Моделируя конструкцию действия уголовного закона во времени, законодатель отходит от традиционной схемы: общественно опасное деяние (действие или бездействие) — преступный результат, с которым связывается наступление общественно опасного последствии, путем использования правовой презумпции [1]. Прежде всего, формируя в Уголовном кодексе Российской Федерации (далее по тексту УК РФ) правовую презумпцию времени совершения преступления, законодатель исходит из длительной общественно-исторической практики, позволяющей с достоверностью предполагать, что не иначе как в момент совершения противоправного действия (бездействия) у лица, его совершающего, в окончательном виде складывается субъективное отношение виновного к своим действиям, что, исходя из с принципа субъективного вменения, служит необходимой предпосылкой для наступления уголовной ответственности [2]. Посредством субъективного вменения соединены различные институты уголовного права: вины и назначения наказания; действия уголовного закона во времени и пространстве и квалификации преступлений; возраста и пределов уголовной ответственности [3]. Следует также отметить, что в настоящее время в теории уголовного права нет значительных разногласий относительно времени совершения преступления касательно принципа субъективной вменяемости, и данная позиция поддерживается большинством современных ученых-правоведов.

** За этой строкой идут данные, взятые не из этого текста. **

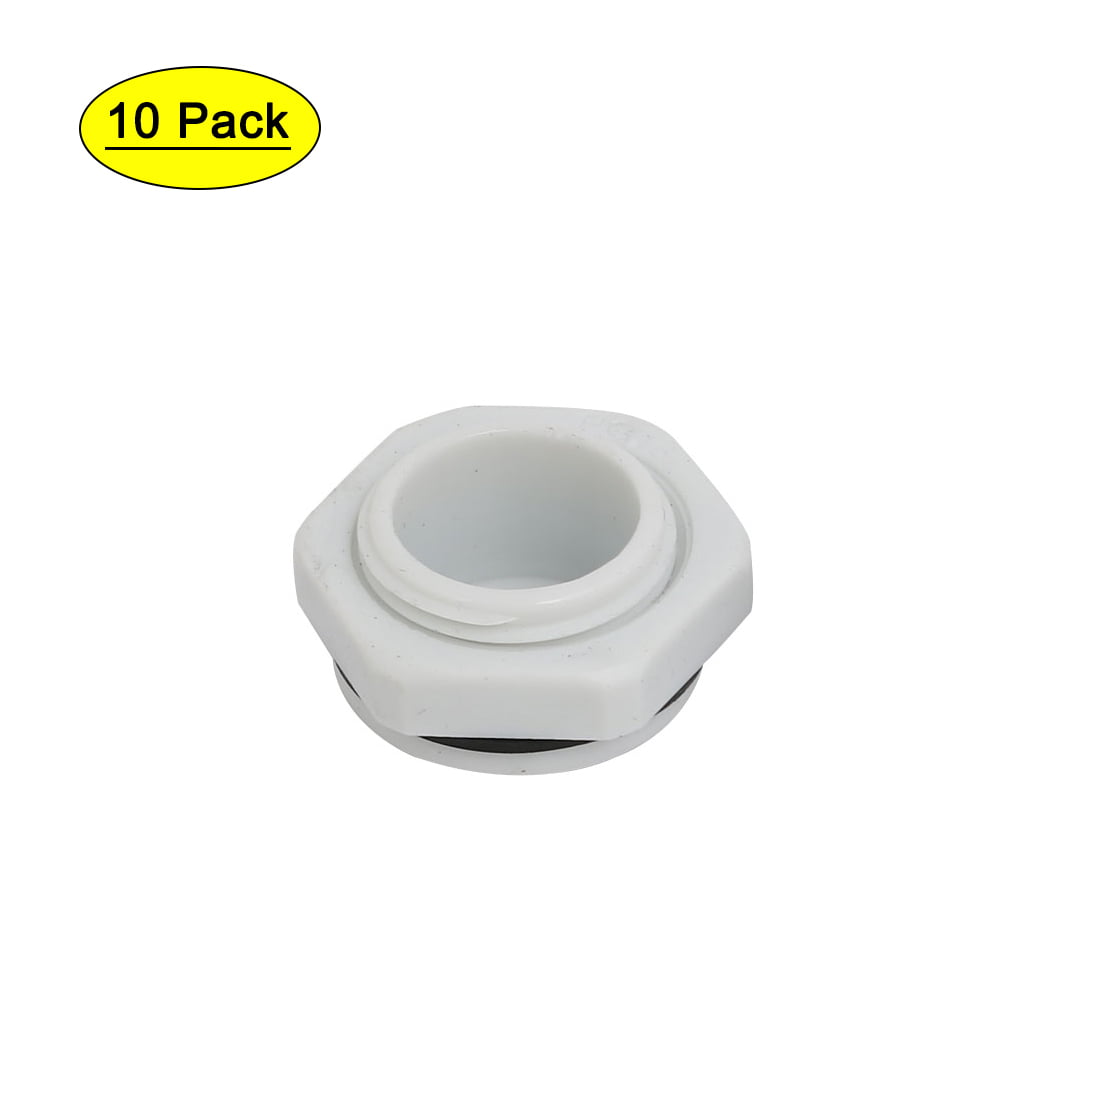 3pcs Details about   PG16 Nylon Male Threaded Cable Gland Screw End Cap Cover with Washer

Нетривиальностью указанного средства законодательной техники является то, что законодатель, предрешая вопрос о времени совершения преступления, акцентируя уголовно-правовую значимость только для действия (бездействия) лица, нарушившего уголовно-правовой запрет, предоставляет правоприменителю возможность эффективного и экономного использования процессуальных мер и мер уголовной репрессии, что способствует более сбалансированному подходу к применению уголовного закона при расследовании уголовных дел правоприменителем.
Рациональность использования данной правовой конструкции заключается в том, что законодатель использует прием, который при определении правоприменителем времени совершения преступления, оставляет за рамками выяснения вопрос, касающийся наступления общественно опасных последствий совершения преступления, о которых, благодаря данному средству законодательной техники, позволяет судить само общественно опасное деяние лица.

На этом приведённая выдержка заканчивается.